* DATA TO PROCESS:
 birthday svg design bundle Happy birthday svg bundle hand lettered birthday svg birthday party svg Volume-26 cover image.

--

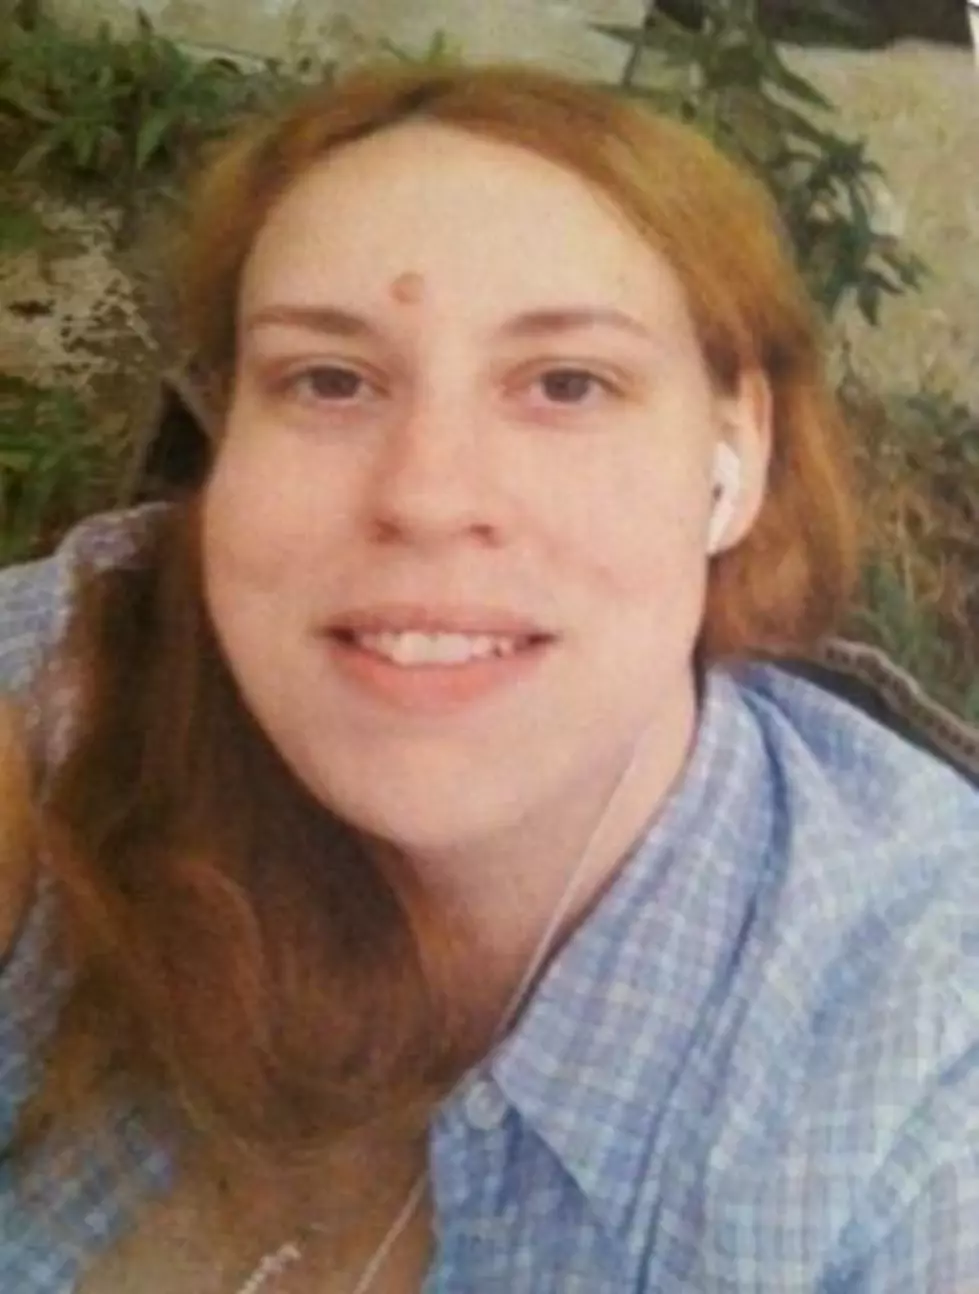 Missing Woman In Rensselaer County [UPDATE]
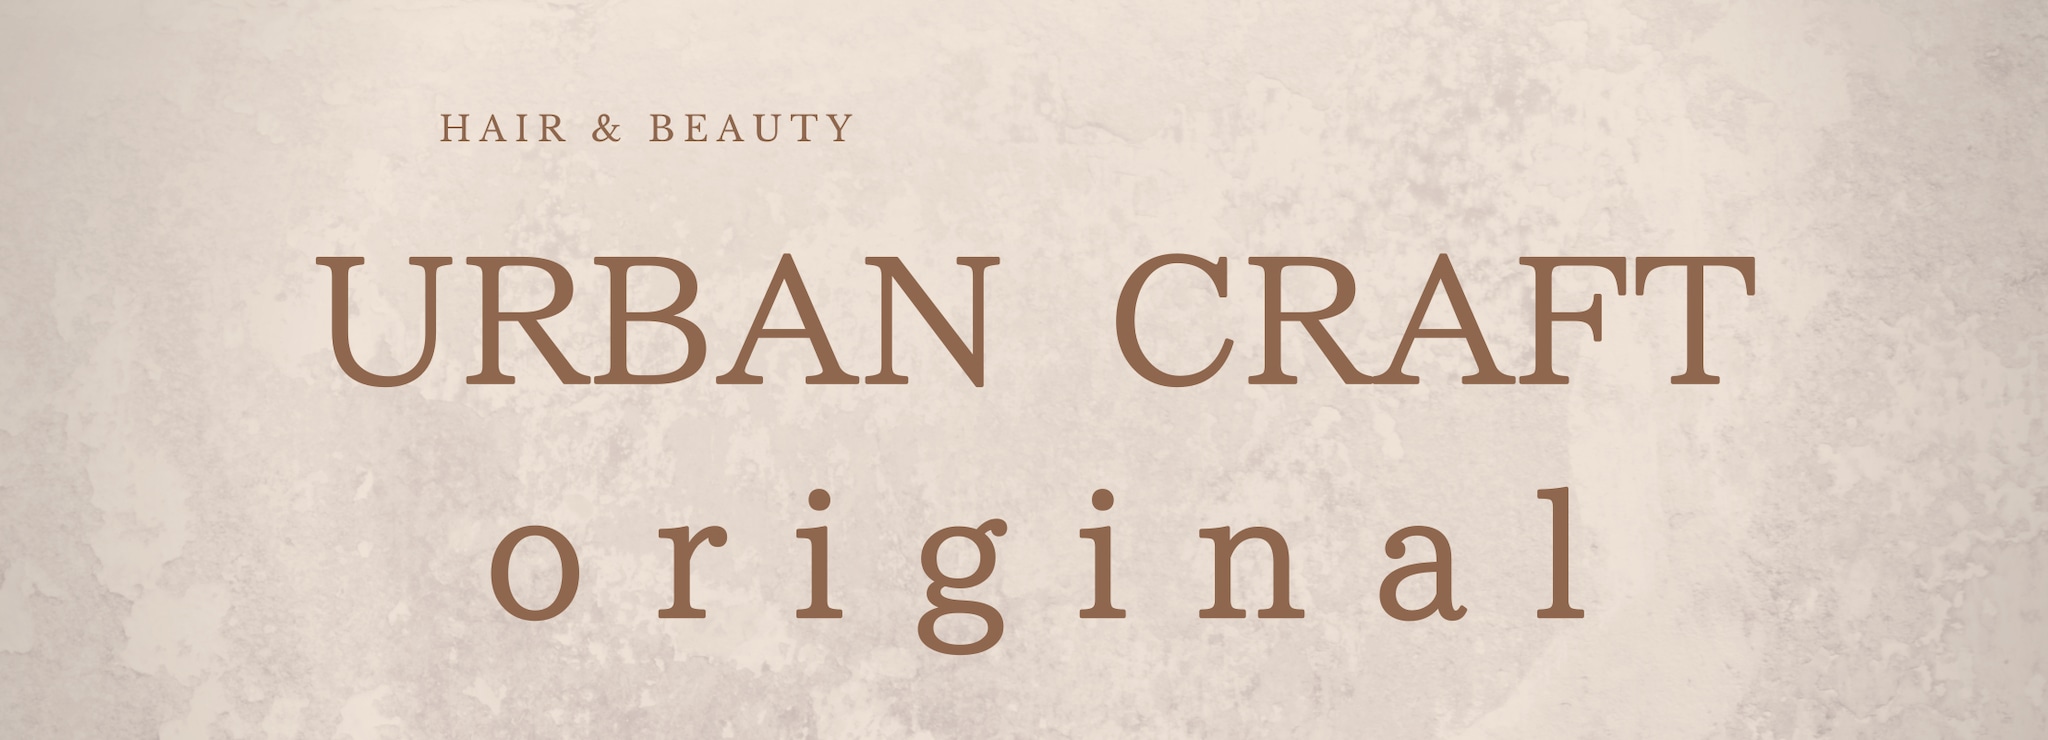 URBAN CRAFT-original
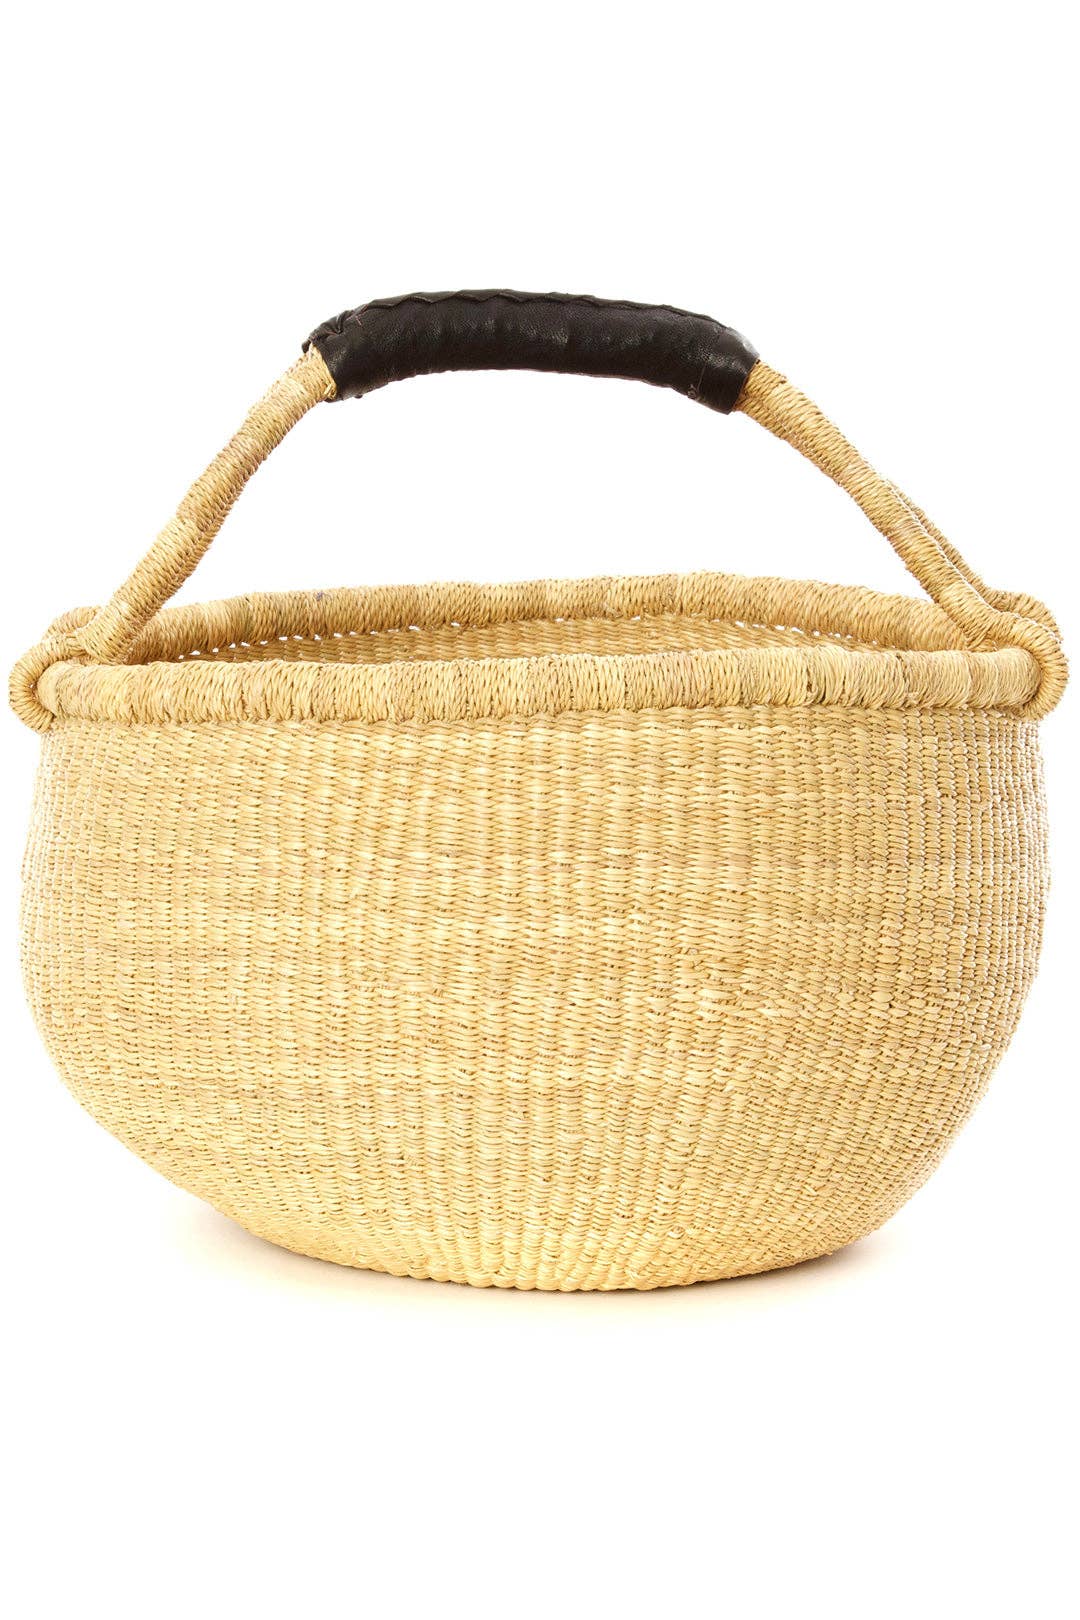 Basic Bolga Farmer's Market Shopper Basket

* TASK:
Start with the line with "Missing Woman In Rensselaer County [UPDATE]" in the listing above and stop after the line with "Basic Bolga Farmer's Market Shopper Basket". Write out exactly the lines in that stretch and no others, without pictures.

* ANSWER SPACE:
 Missing Woman In Rensselaer County [UPDATE]
 URBAN CRAFT-original
 Basic Bolga Farmer's Market Shopper Basket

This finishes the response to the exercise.